This Notice only applies to your use of this App. This Notice does not apply to any third party apps or websites linked to or accessible from the App. Roche is not responsible for the privacy practices, the content or any Processing activities of any third parties, sites or apps.

Definitions

User” or “you” means you, the individual, who has been prescribed the use of the App by the Roche Customer or are otherwise using the App.

Personal Information” means information that identifies, relates to, describes, is reasonably capable of being associated with, or could reasonably be linked, directly or indirectly, with a particular individual or household, including, but not limited to, your name, address, e-mail address, telephone number and/or certain categories of sensitive personal information (such as health data you may choose to share with us).

Data Controller” determines the purpose and means of personal data processing; this is a regulatory concept developed under the EU GDPR. In more lay terms, the data controller decides about the “why” and the “how” of the data processing.

Data Processor” processes personal data only on behalf of the controller, as determined in an agreement between the parties.

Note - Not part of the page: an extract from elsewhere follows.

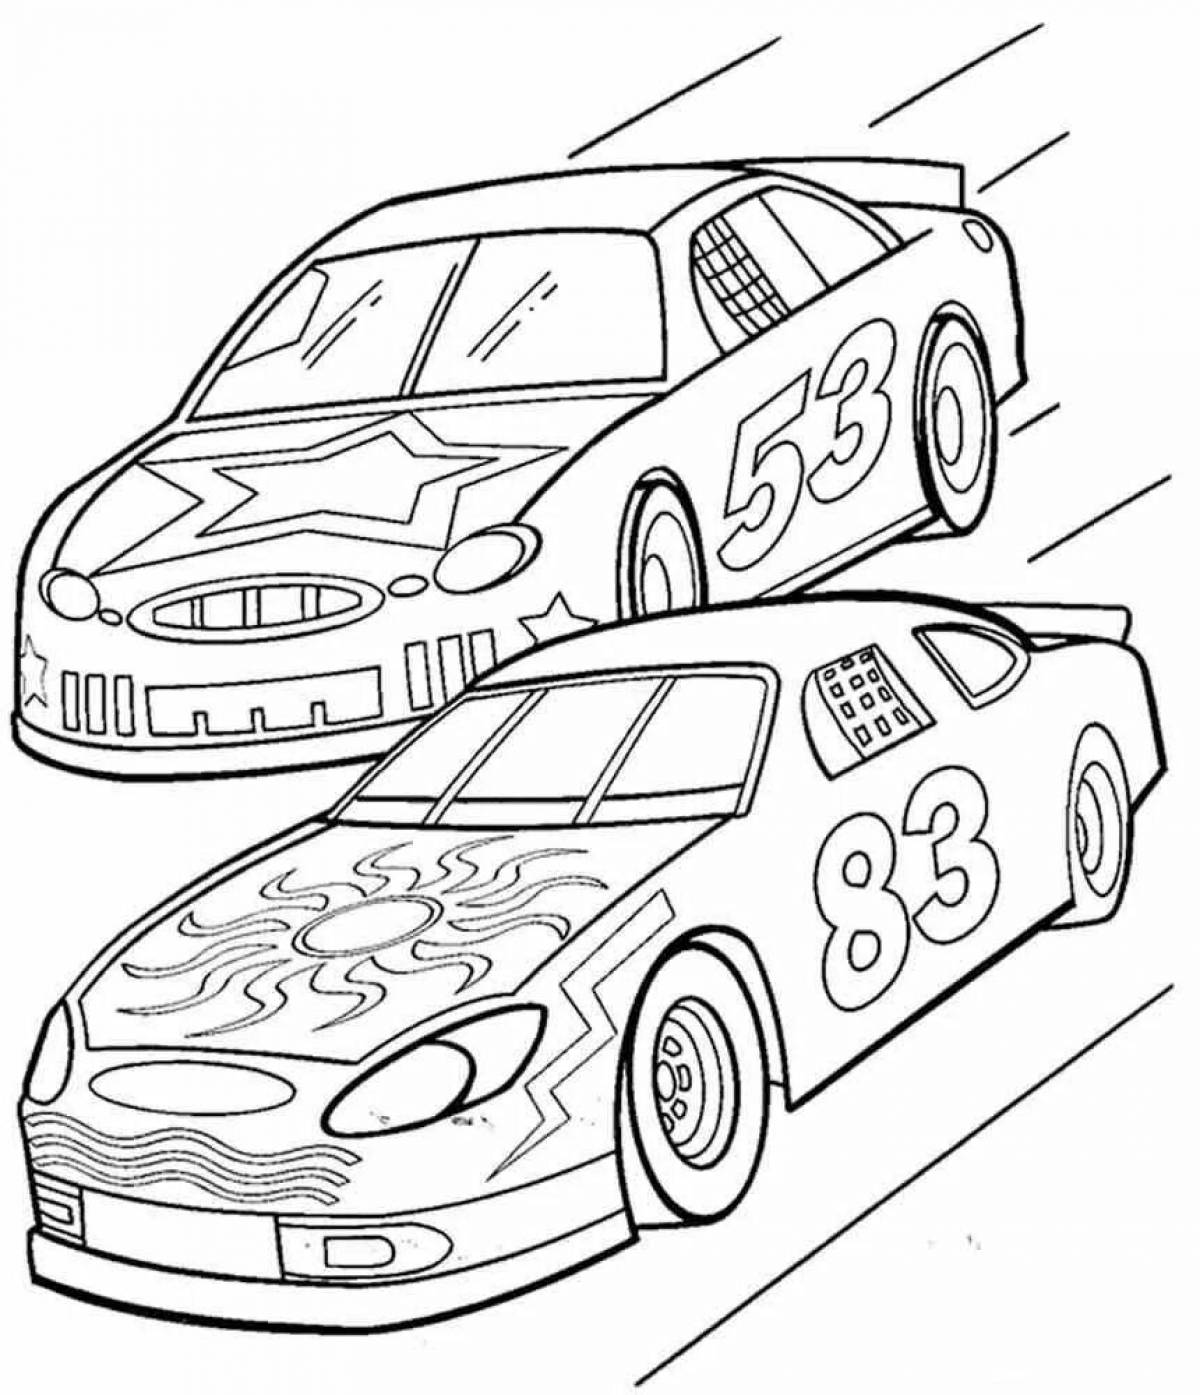 Fun car coloring game for 4-5 year old boys

The data processor is often a third party to the Data Controller (e.g. Roche to your HCP), but in the case of Roche, one legal entity of Roche may act as processor for another legal entity of Roche Group.

Processing” means any operation or set of operations which is performed on Personal Information, whether or not by automated means, such as collection, recording, organization, structuring, storage, adaptation or alteration, retrieval, consultation, use, disclosure by transmission, dissemination or otherwise making available, alignment or combination, restriction, erasure or destruction.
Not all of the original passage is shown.